Objective: A single-nucleotide polymorphism (SNP), the G variant in codon 1013 (GAA1013-->GAG) of the insulin-like growth factor-1 (IGF-1) receptor (IGFIR) gene, has been associated with higher IGF-1 concentrations in Caucasian subjects. Because elevated serum levels of IGF-1 have been described in children with premature pubarche (PP) and in adolescent girls with hyperandrogenism, we tested the a priori hypothesis that the frequency of the A-->G variant would be overrepresented among children with PP.
Design: Case-control association study.
Setting: University-based pediatric endocrinology practice.
Patient(s): Sixty-nine children (63 girls and 6 boys) with PP, 52 adolescent girls with hyperandrogenism, and 92 healthy subjects.
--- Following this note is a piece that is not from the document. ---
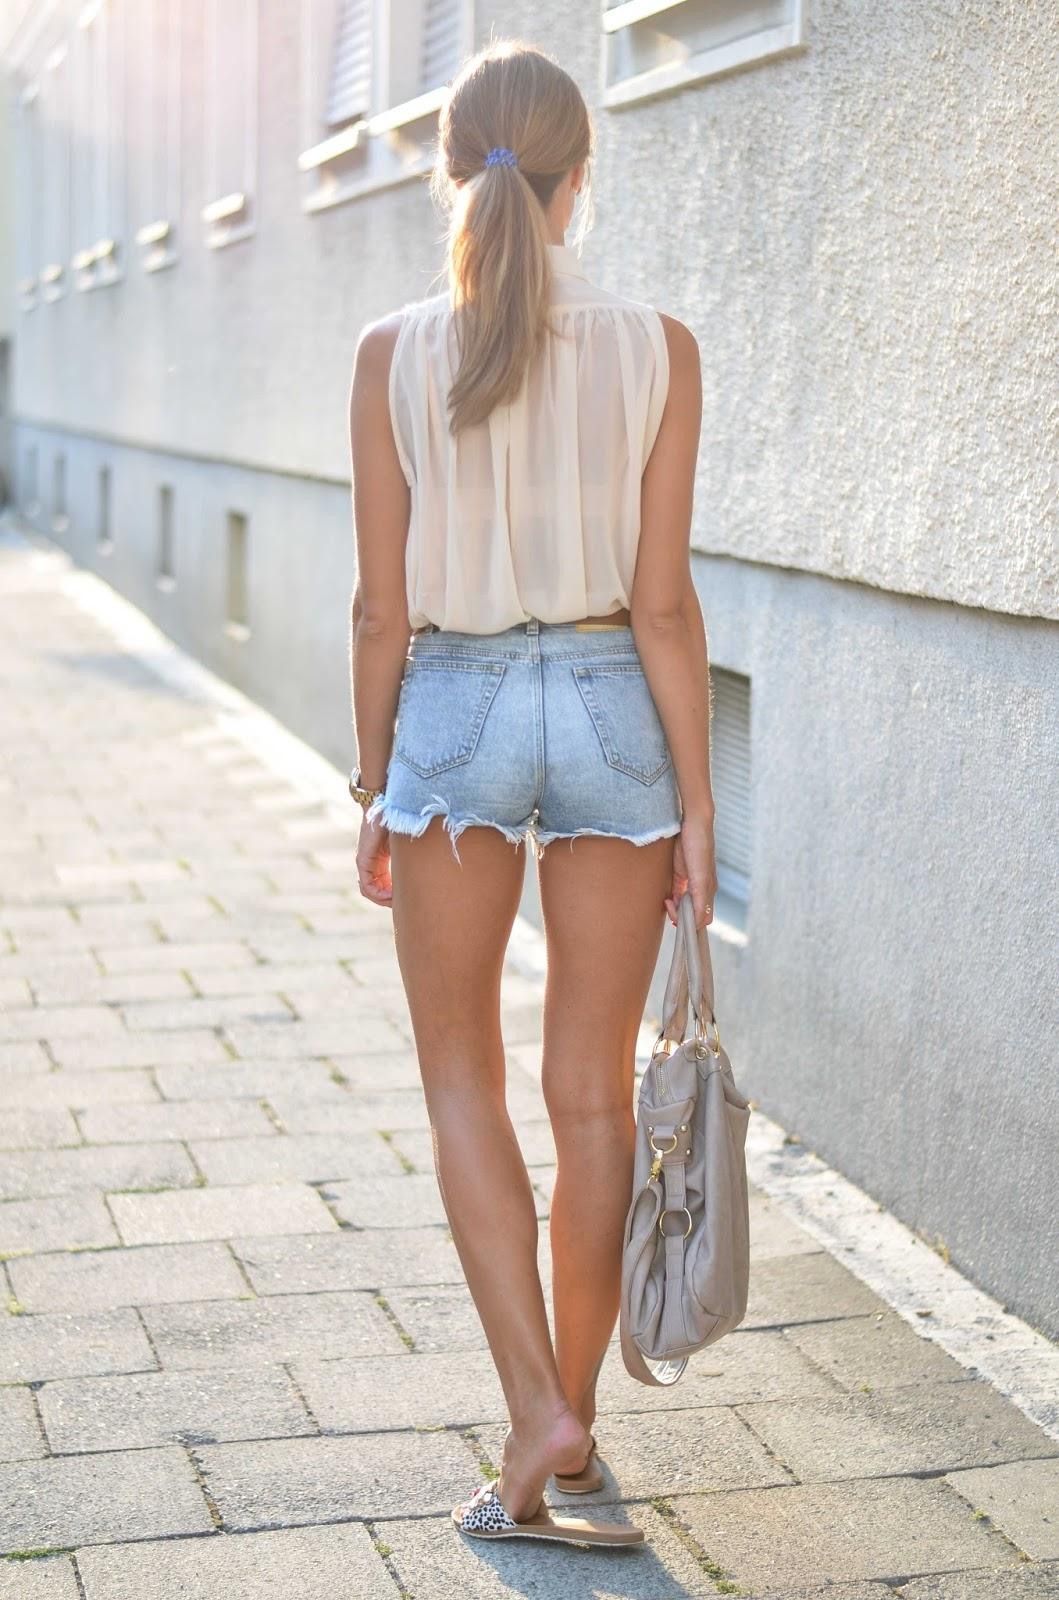 kristjaana mere zara denim shorts sheer beige top summer fashion outfit

Intervention(s): Blood was obtained for genotype analysis, glucose measurement, and hormone (A, insulin, 17-hydroxyprogesterone, and T) determinations.
Main outcome measure(s): Frequency of the SNP in the IGF1R gene and correlation of this SNP with hormone concentrations.
Result(s): Distribution of the G allele was statistically significantly different between the children with PP and the healthy control subjects, independent of insulin sensitivity.
Conclusion(s): This common SNP in the IGF1R gene may be associated with PP caused by premature adrenarche in children. Because PP has been associated with higher IGF-1 concentrations, these data suggest a potential molecular basis for prior clinical observations of elevated IGF-1 concentrations in children with PP.